# Supplied records
------------

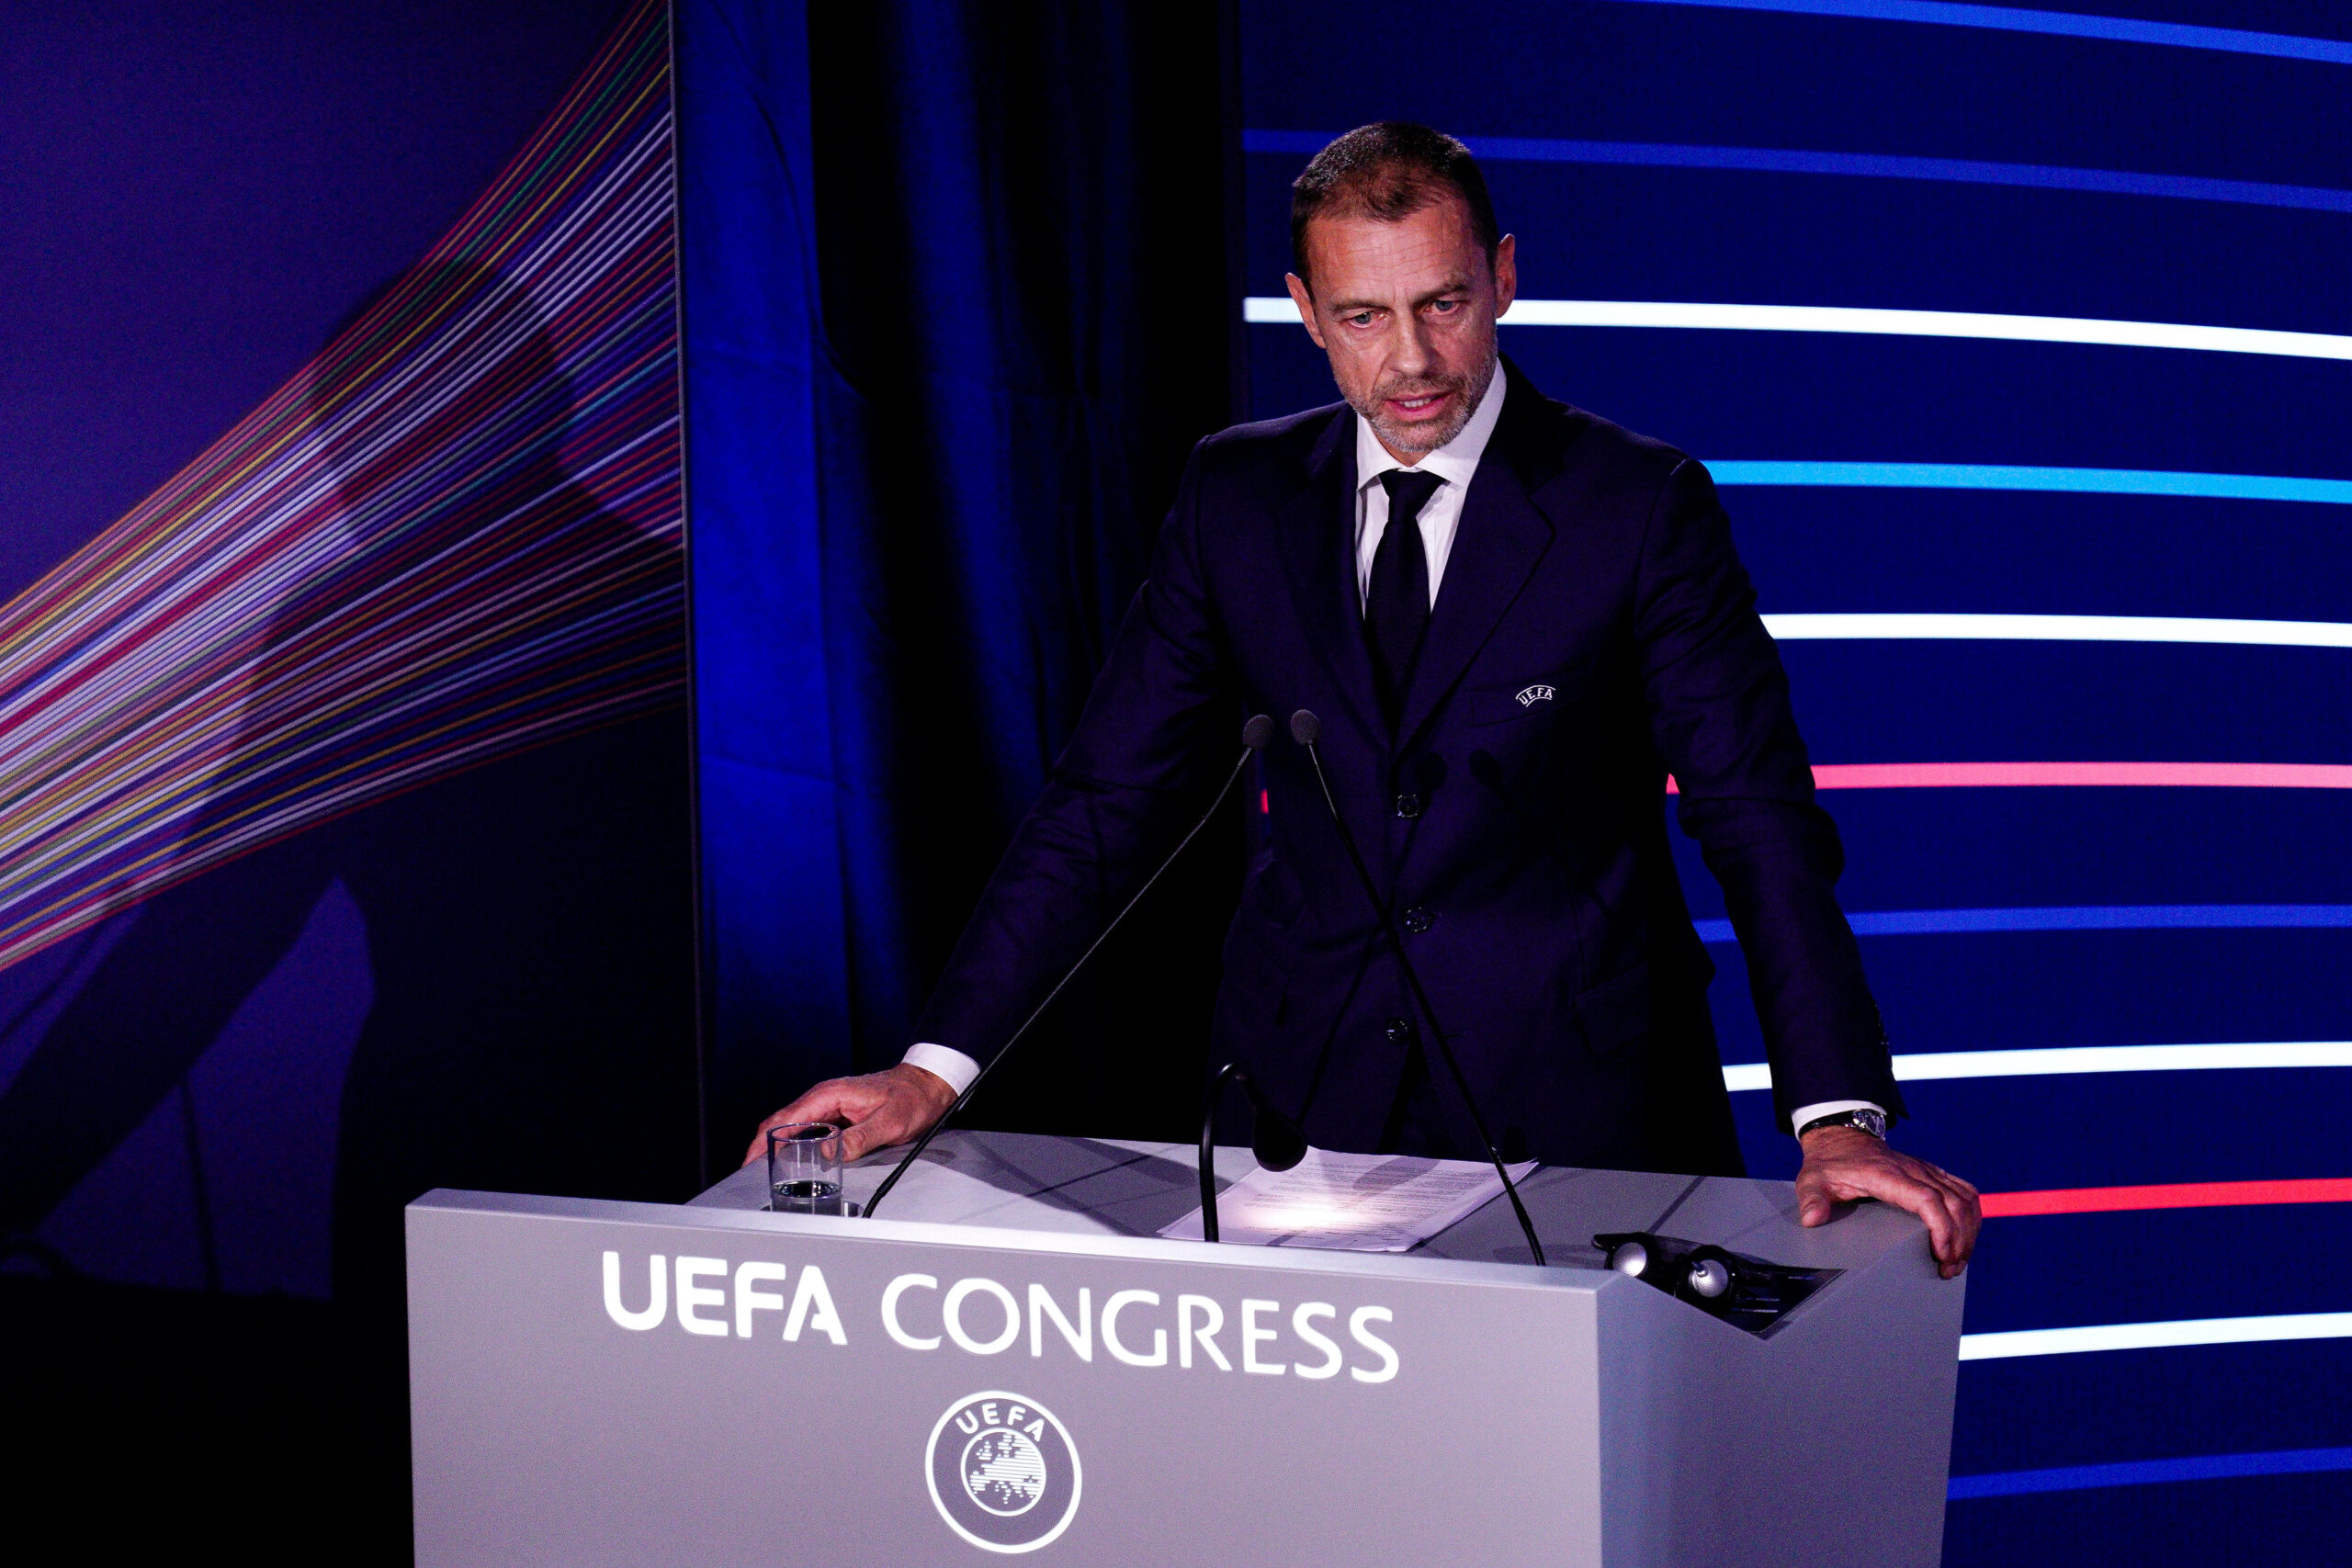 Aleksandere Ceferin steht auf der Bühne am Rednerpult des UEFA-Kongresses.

------------

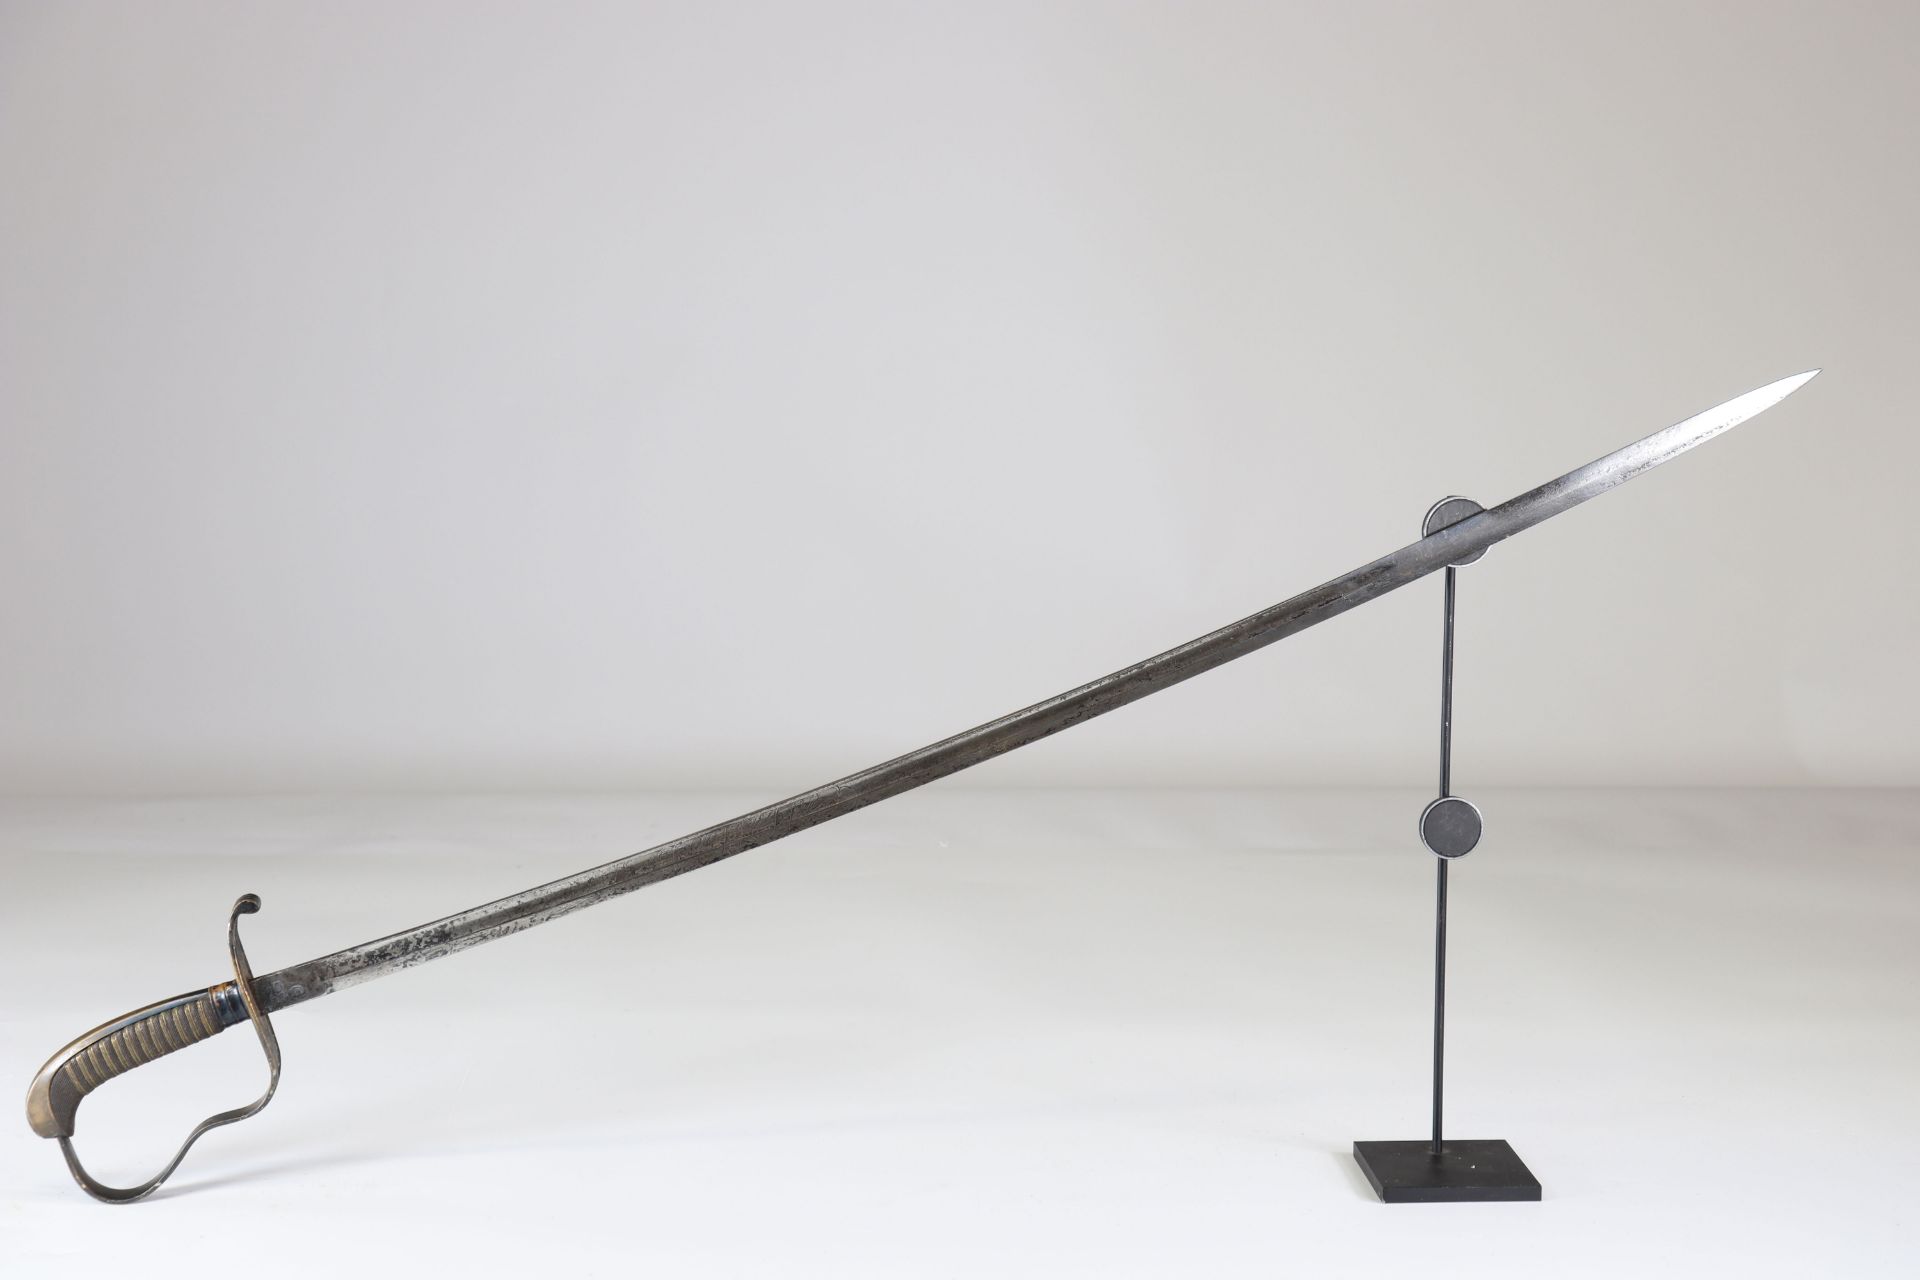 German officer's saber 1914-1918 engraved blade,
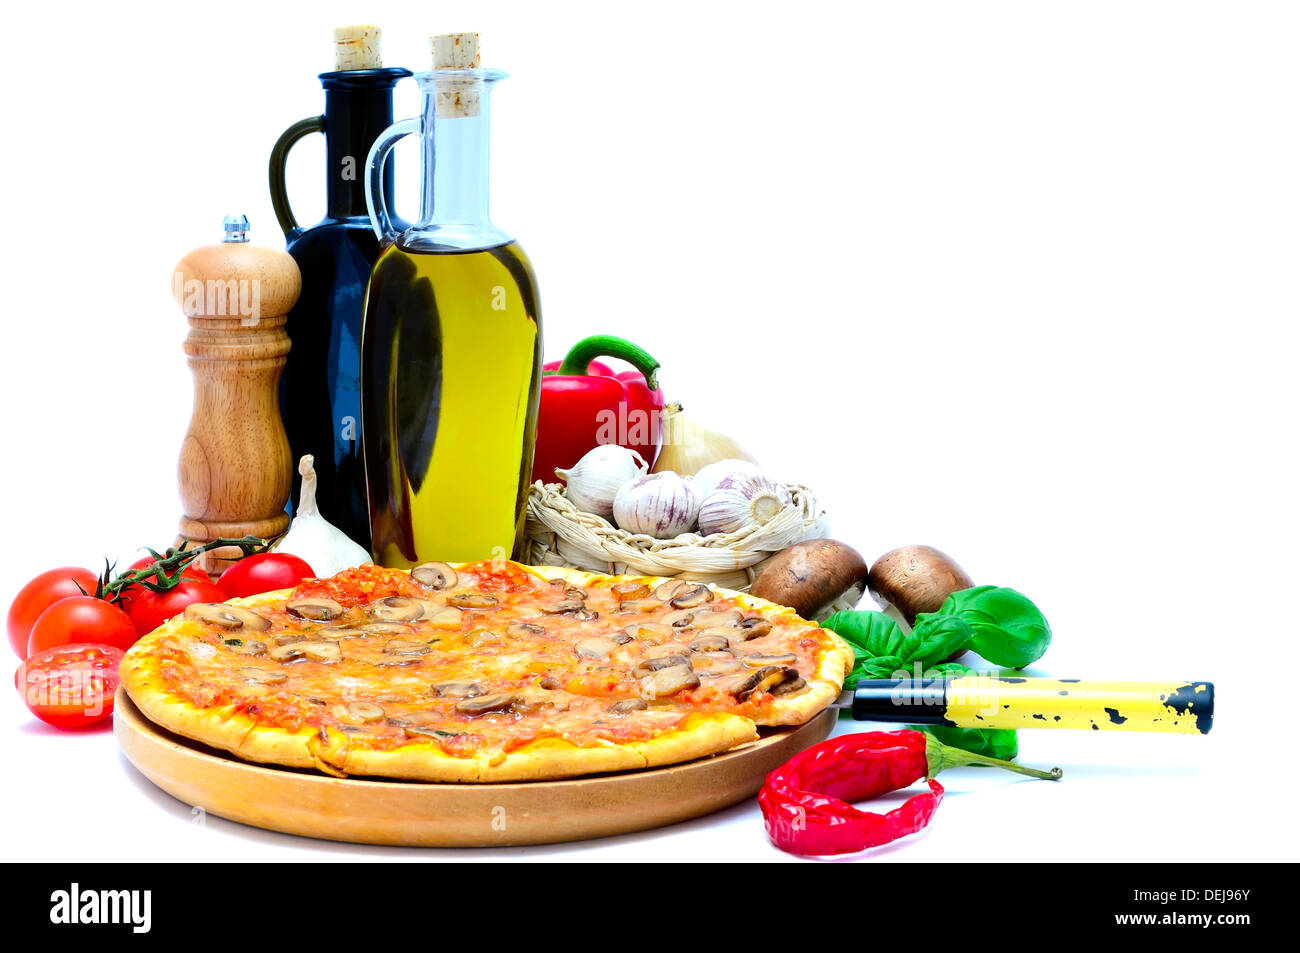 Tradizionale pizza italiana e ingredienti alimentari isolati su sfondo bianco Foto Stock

------------

# The problem
Look back over the records above. Reproduce exactly everything from the line with "German officer's saber" down to the line with "Tradizionale pizza italiana", inclusive, and leave the pictures out.

# The answer
 German officer's saber 1914-1918 engraved blade,
 Tradizionale pizza italiana e ingredienti alimentari isolati su sfondo bianco Foto Stock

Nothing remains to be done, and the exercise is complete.